November 12, 2014

Star Trek: The Next Generation: "Transfigurations"

It's 4 June 1990, and time for Star Trek: The Next Generation.

The Enterprise recovers a badly injured alien from a crashed spaceship. While his body heals with alarming speed, he has no memory of who he is or where he is going - or running from. His powers, however, have an unexpected effect on Lieutenant La Forge.

"Transfigurations" is the sort of episode that's the bane of all review writers: the average episode. There's honestly not a huge amount here that feels like it's worth writing about. It's a competent but unexceptional hour of television that doesn't trip over its own feet but doesn't excel at the same time. It actually feels a little out of place in Season 3, as if it's been held over from one of the first two seasons and is coming to the party a little late and out of fashion. Oddly enough, however, it's not a holdover at all but rather the second script for Rene Echevarria, who kicked things off with "The Offspring" and will go to shape a lot of Star Trek in the future.

The central plot - the amnesiac John Doe is rapidly evolving into an advanced energy-based form - feels by-the-numbers and reheated. It's the sort of bog-standard plot you expect to see on Star Trek. It's done as well as this sort of plot can be; I'm just not enamoured with this sort of plot.

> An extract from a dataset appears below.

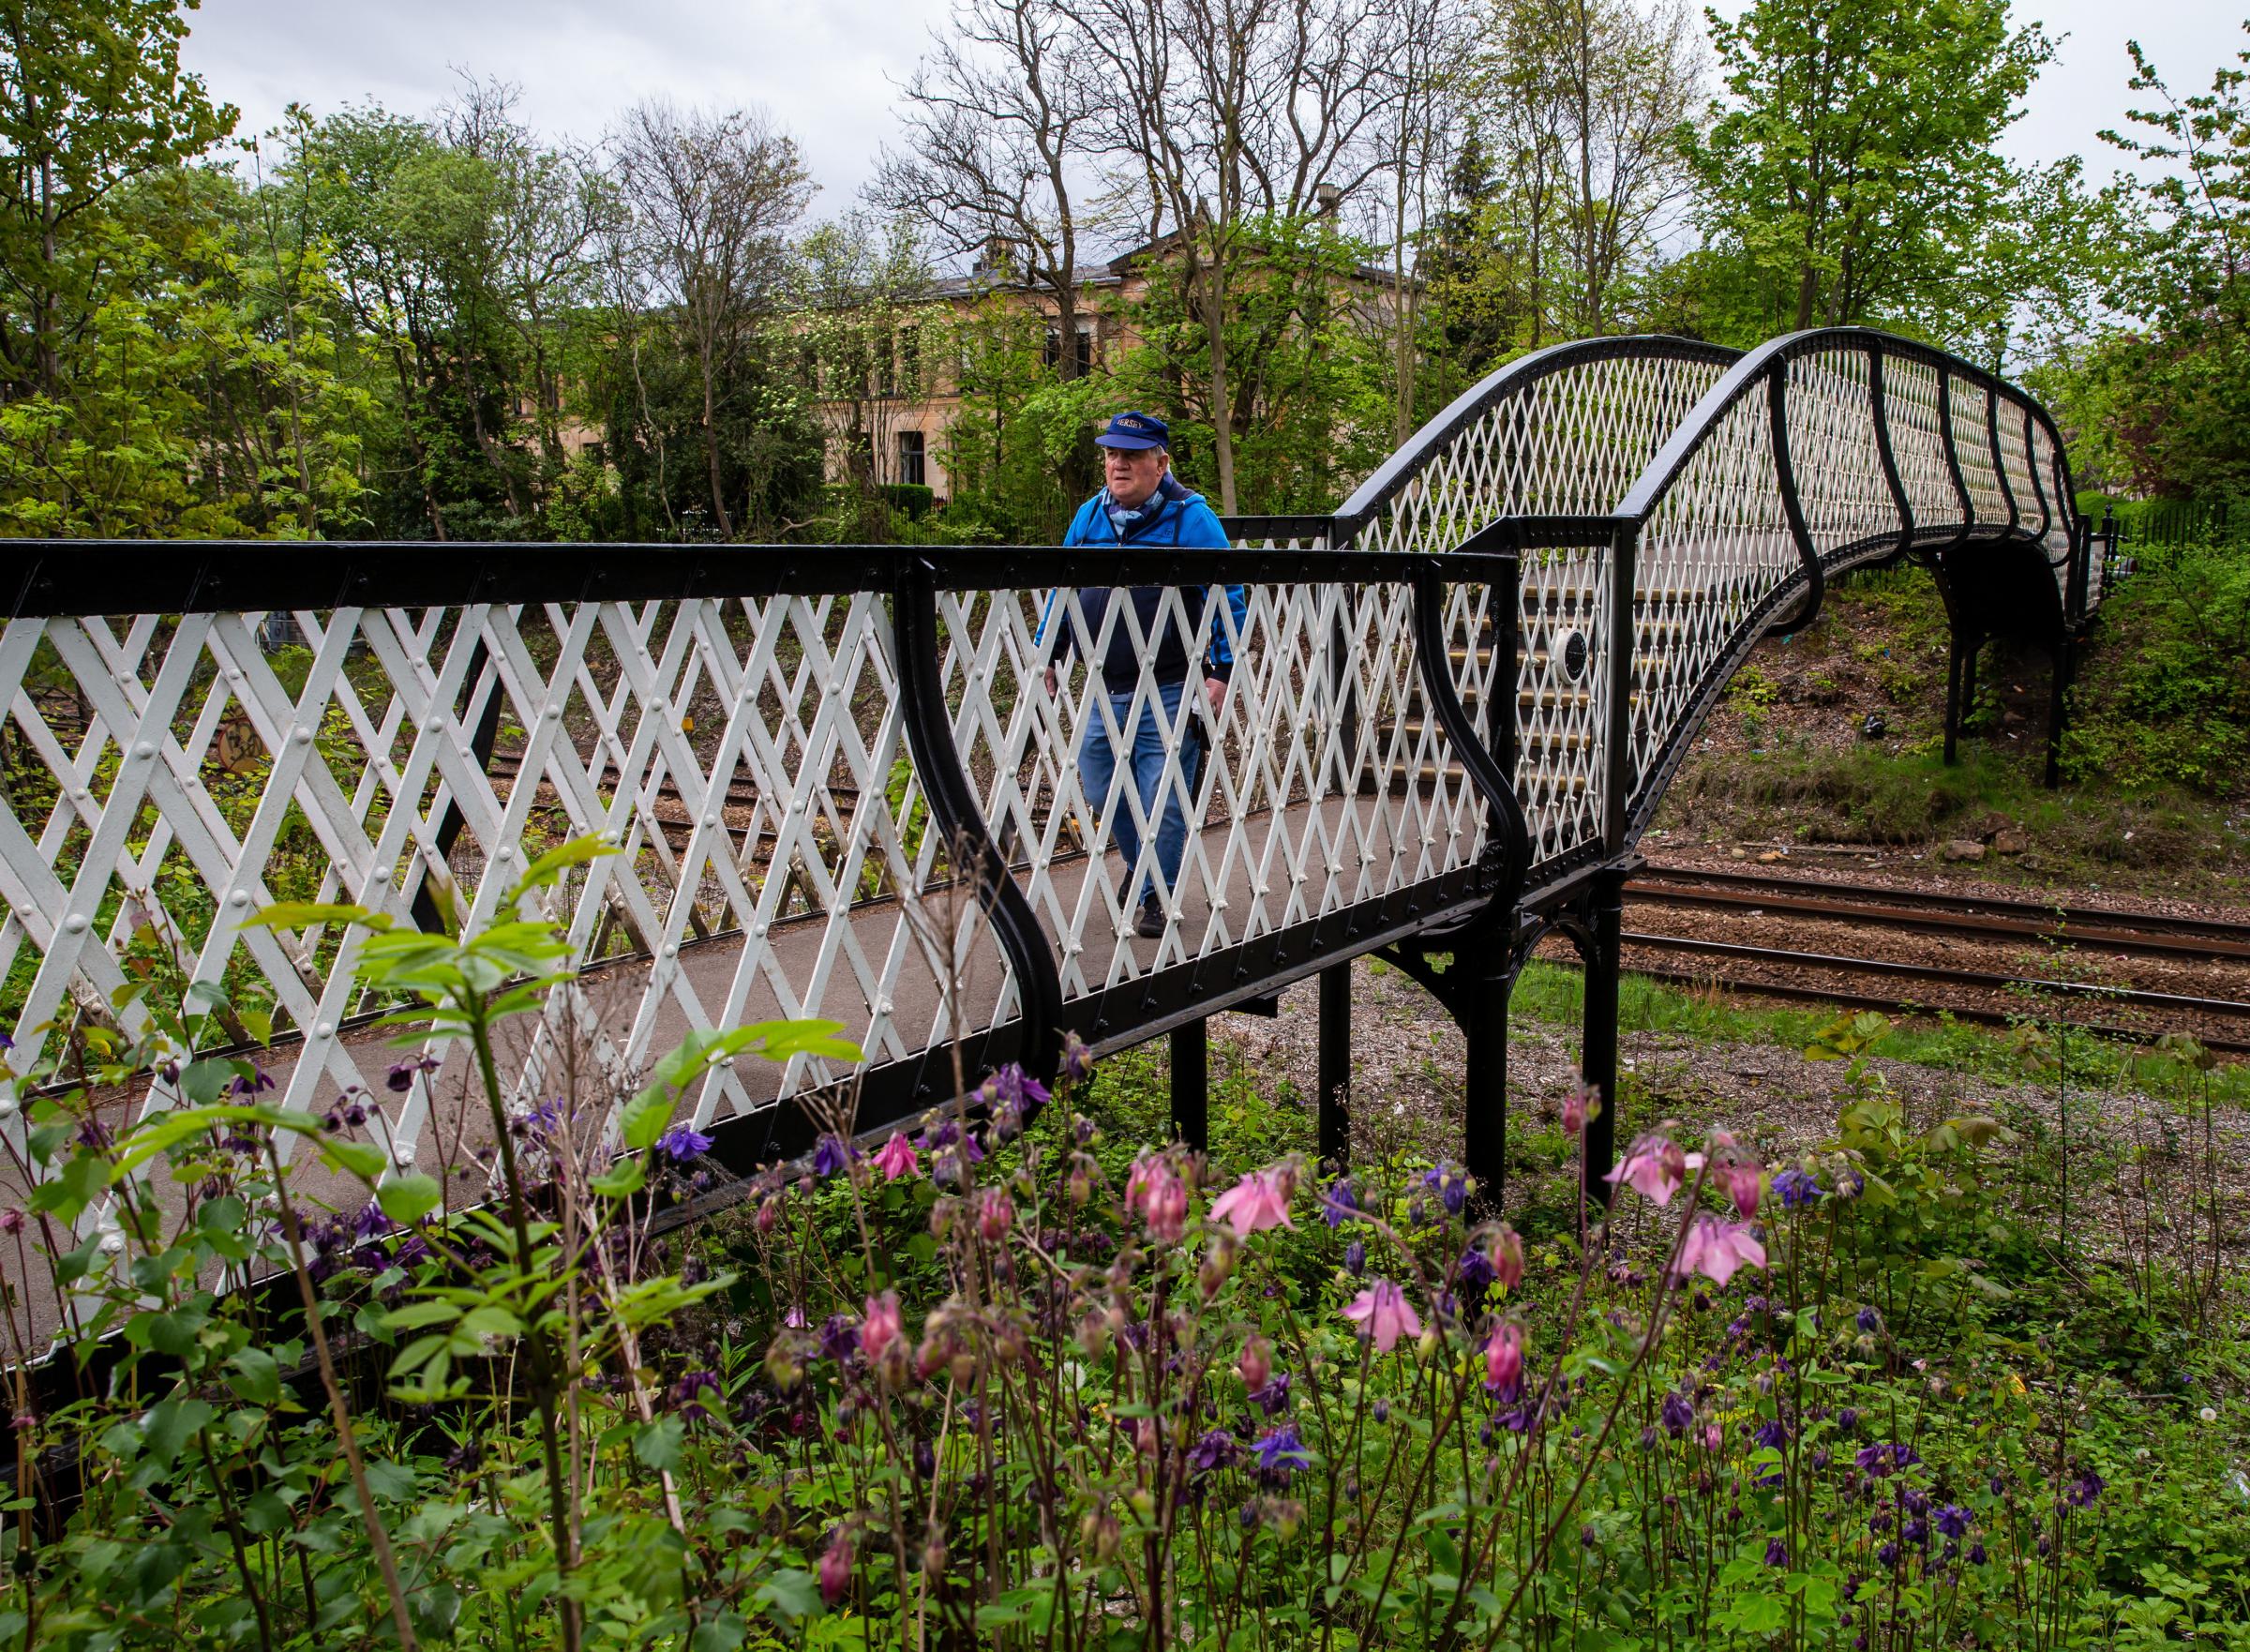 Strathbungo footbridge that connects Darnley Road and Moray Place in Strathbungo over a railway line Picture: Colin Mearns
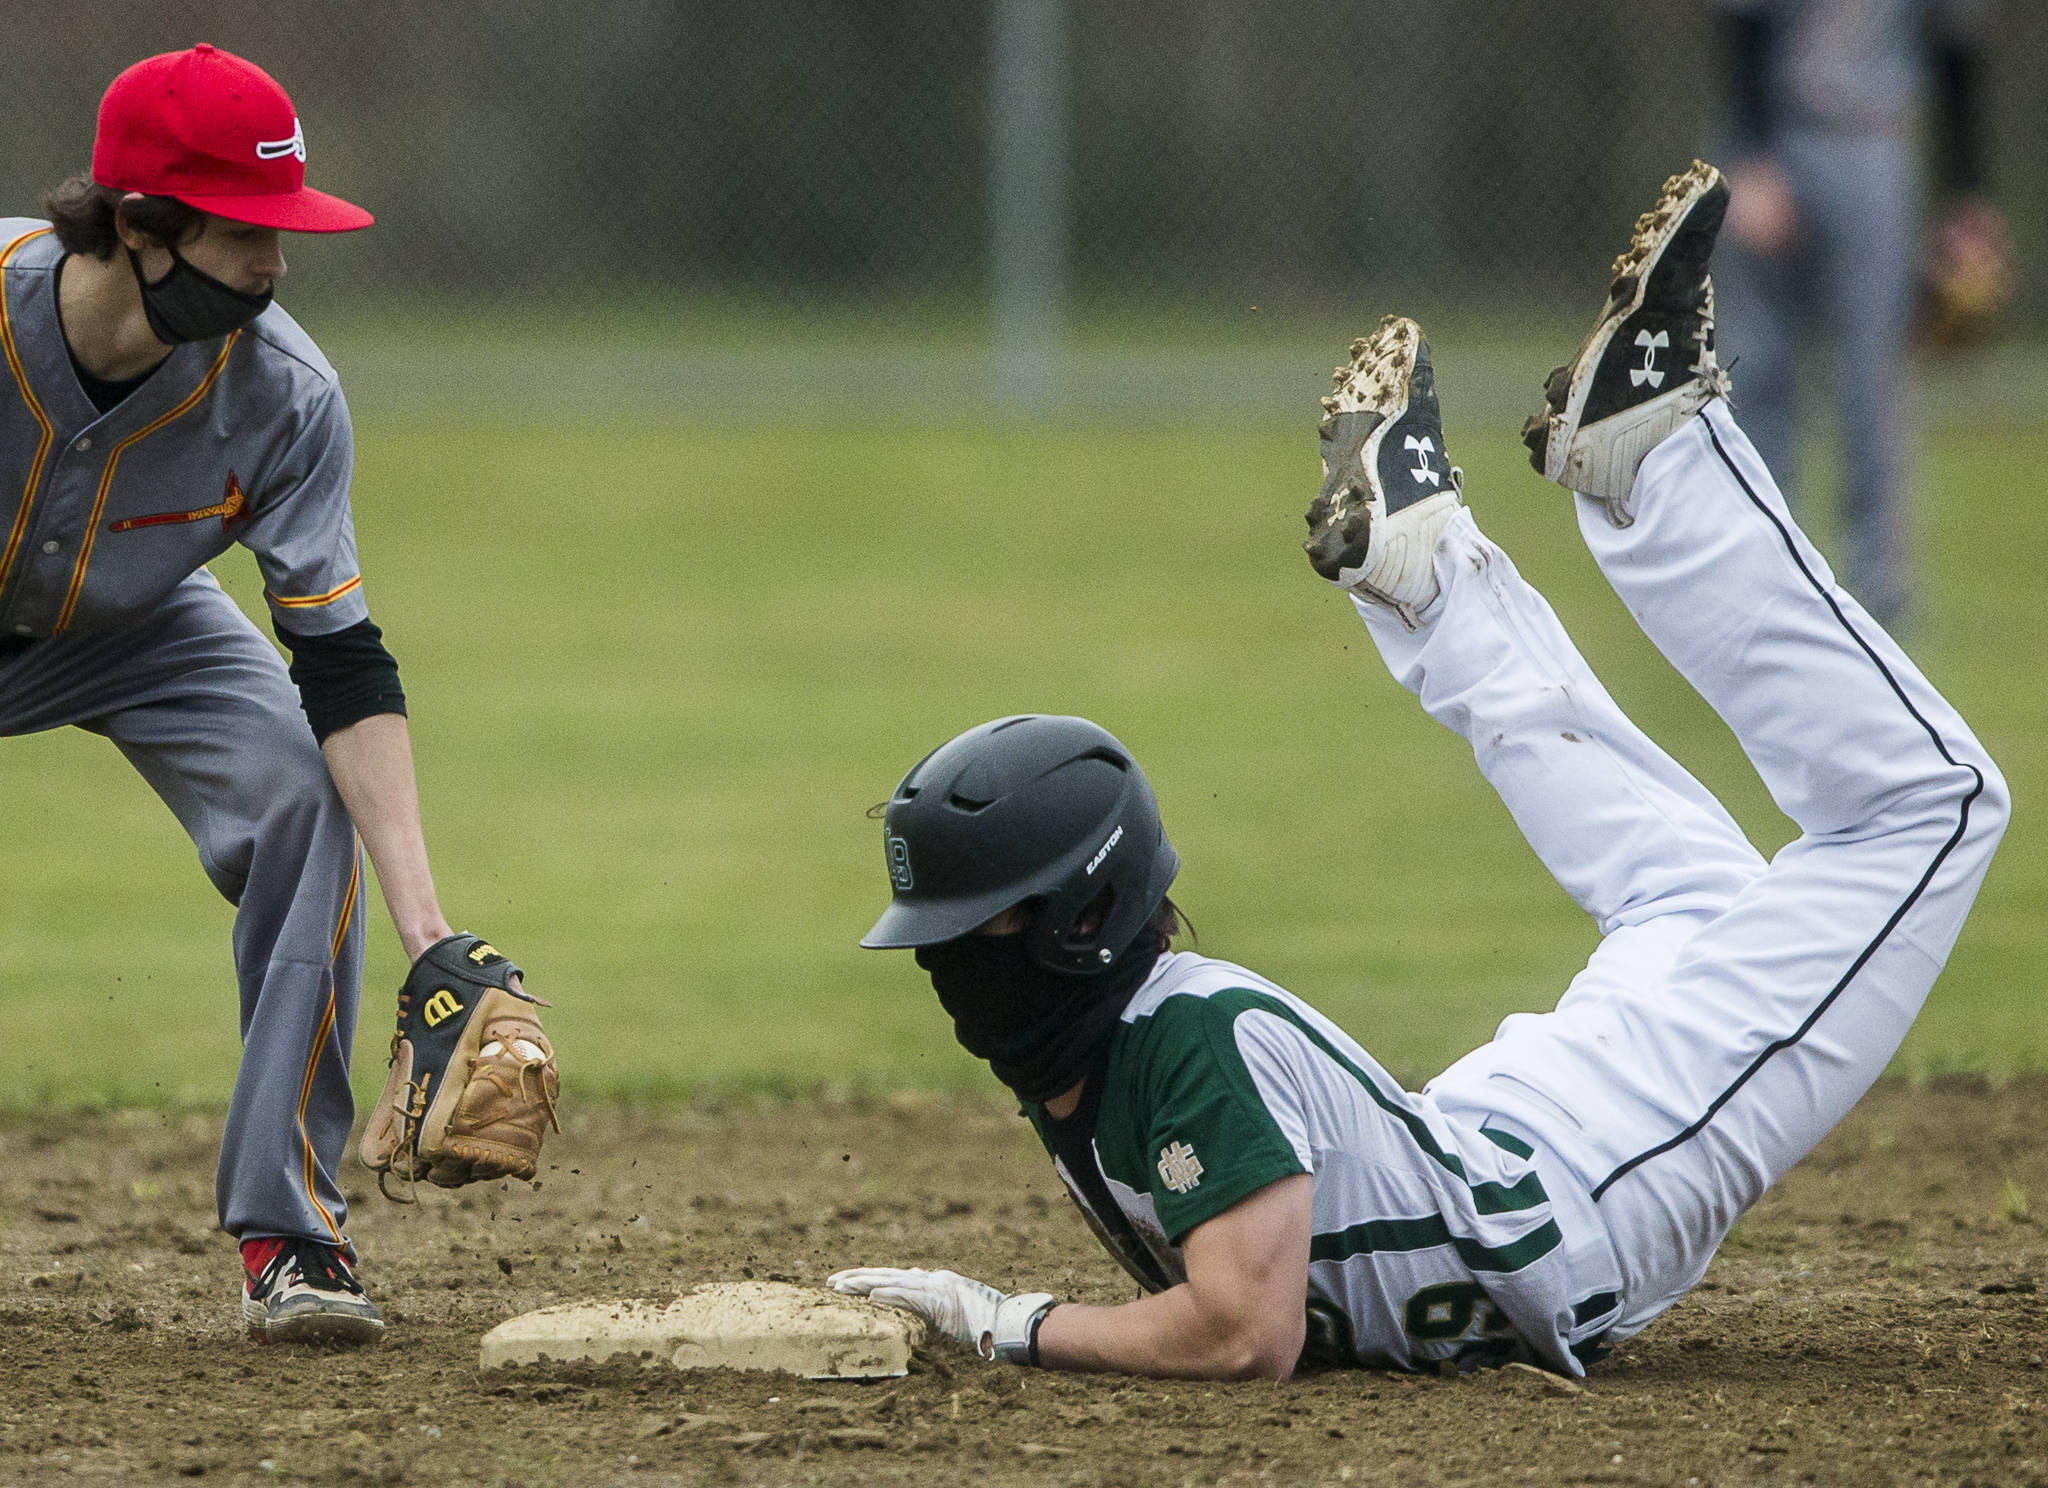 Marysville Getchell’s Bradley Aasen (right) slides into second base as Marysville Pilchuck’s Alex Smith reaches to tag him during a game on April 7, 2021, in Marysville. (Olivia Vanni / The Herald)

One set of scenes does stand out, which is Worf's attempts to coach Geordi in flirting with women. It's well written, lightly played character comedy and Michael Dorn absolutely nails every punchline with his standard deadpan delivery. The episode also provides some good material for Gates McFadden as Dr Crusher. She's underused in the series in general, so it's nice when they occasionally give her a plotline of her own. She and the amnesiac John Doe (Mark La Mura) have pretty good chemistry.

So all up this is an episode that doesn't waste one's time, but really doesn't feel like it's been time exceptionally well spent. I'm on the fence, but as it's not bad as such I'm going to tip it over into the 'good' pile. 15 good episodes out of 25 gives Season 3 a quality ratio of 60% with just one episode to go: "The Best of Both Worlds".